ISIS Weekly Al-Naba' Praises Sri Lanka Attacks, Portrays It ‎As Fulfillment Of ISIS's Threat Against 'Crusaders'‎

The following report is now a complimentary offering from MEMRI's Jihad and Terrorism Threat Monitor (JTTM). For JTTM subscription information, click here.

Issue 179 of the Islamic State (ISIS) weekly Al-Naba', released online on April 25, 2019, highlighted the April 21 Sri Lanka attacks, which ISIS had previously claimed,[1] praising its perpetrators and presenting it as a fulfillment of ISIS's threat to the "Crusaders."

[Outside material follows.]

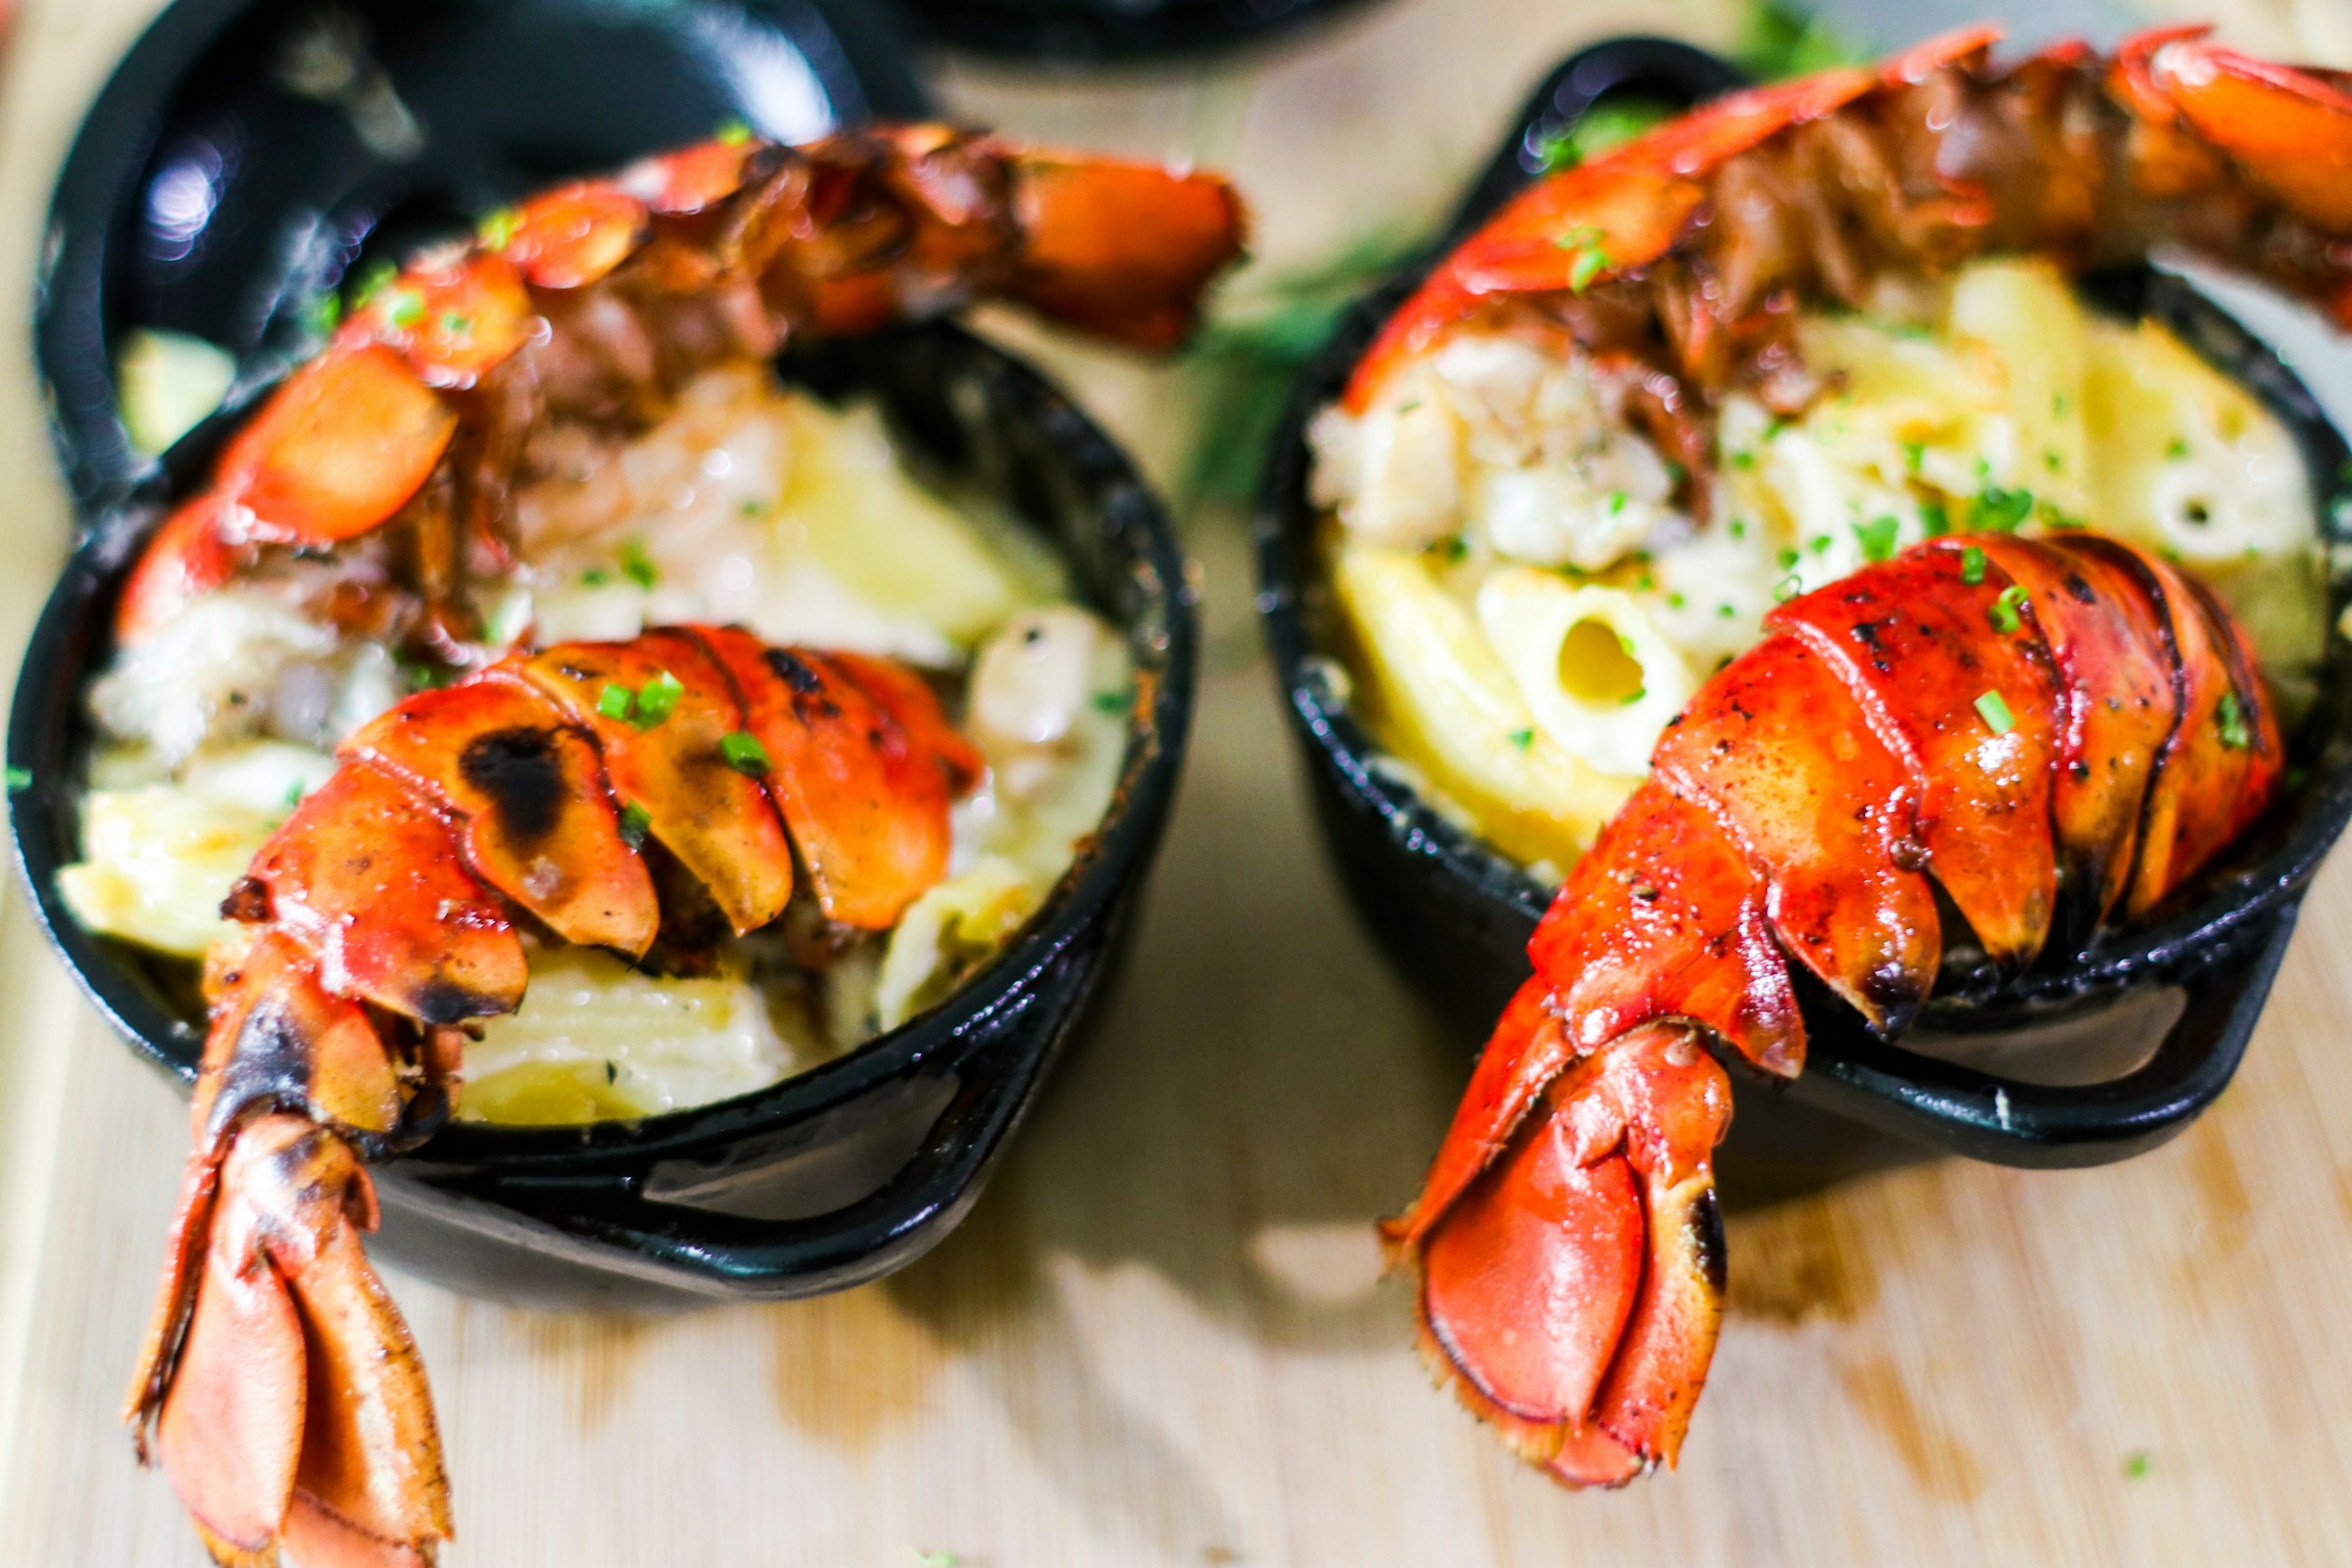 Plates of lobster | Source: Unsplash

The issue's cover highlights the high number of victims in the attacks: "The Islamic State carries out its threat by killing and wounding around 1,000 Crusaders in Sri Lanka." The accompanying article notes that over 350 people were killed and nearly 650 others were wounded in the "blessed attacks." It notes the number of foreigners killed, saying that over 45 people were killed from the U.S., UK, Australia, the Netherlands, Spain, France, China, and India.


Al-Naba' cover.

The issue included two posters that highlighted the attacks. In its weekly "harvest" poster, which gives numbers on ISIS's military operations from the previous week, the Sri Lanka numbers stand out against the rest of ISIS's operations in other regions. Another poster, titled "The Sri Lanka Raid," highlights the "acheivements" of the attacks, noting especially the large number of causalities, among whom were citizens of "Crusader coalition countries."


ISIS's weekly "harvest" poster noting (in yellow) the high number of "Crusaders" killed and wounded.


"The Sri Lanka Raid" poster.

In a separate article, ISIS praises the attacks while collectively referring to "1,000 killed and wounded" in them as "belligerent Christians." The article rehashes ISIS's official claim of responsibility and the photo of the attackers, which ISIS had also released.[2]

The issue's editorial praises the attacks and their perpetrators and says that it is a testimony to Allah's promise to support his sincere believers and establish His religion on earth. The editorial laments those who left the path of jihad under ISIS's banner, while praising those, like the Sri Lanka attackers, who carried out such "blessed" activities after "joining the group of Muslims" and pledging allegiance to ISIS leader Abu Bakr Al-Baghdadi.[3] The timing of the Sri Lanka attacks is also highlighted, with ISIS saying it came when "the unbelievers and apostates thought that they eliminated the Islamic State by destroying the abode of Islam, killing its inhabitants, and capturing some of its mujahideen."

The article notes that the Sri Lanka attacks and other attacks as well were "merely a part of the victory we witness these days" in various parts of the world, where Allah facilitates the work of the "Caliphate soldiers" and where jihad is appearing in new arenas. The article reaffirms that these attacks serve as a testimony to the failure of the "Crusader campaign" against the Islamic State, which, it says, is more worrisome for the "unbelievers and apostates" than the outcome of the Sri Lanka attacks itself. The article reiterates that the support of Muslims "to their state" shall never end "no matter how hard the polytheists try to sever it."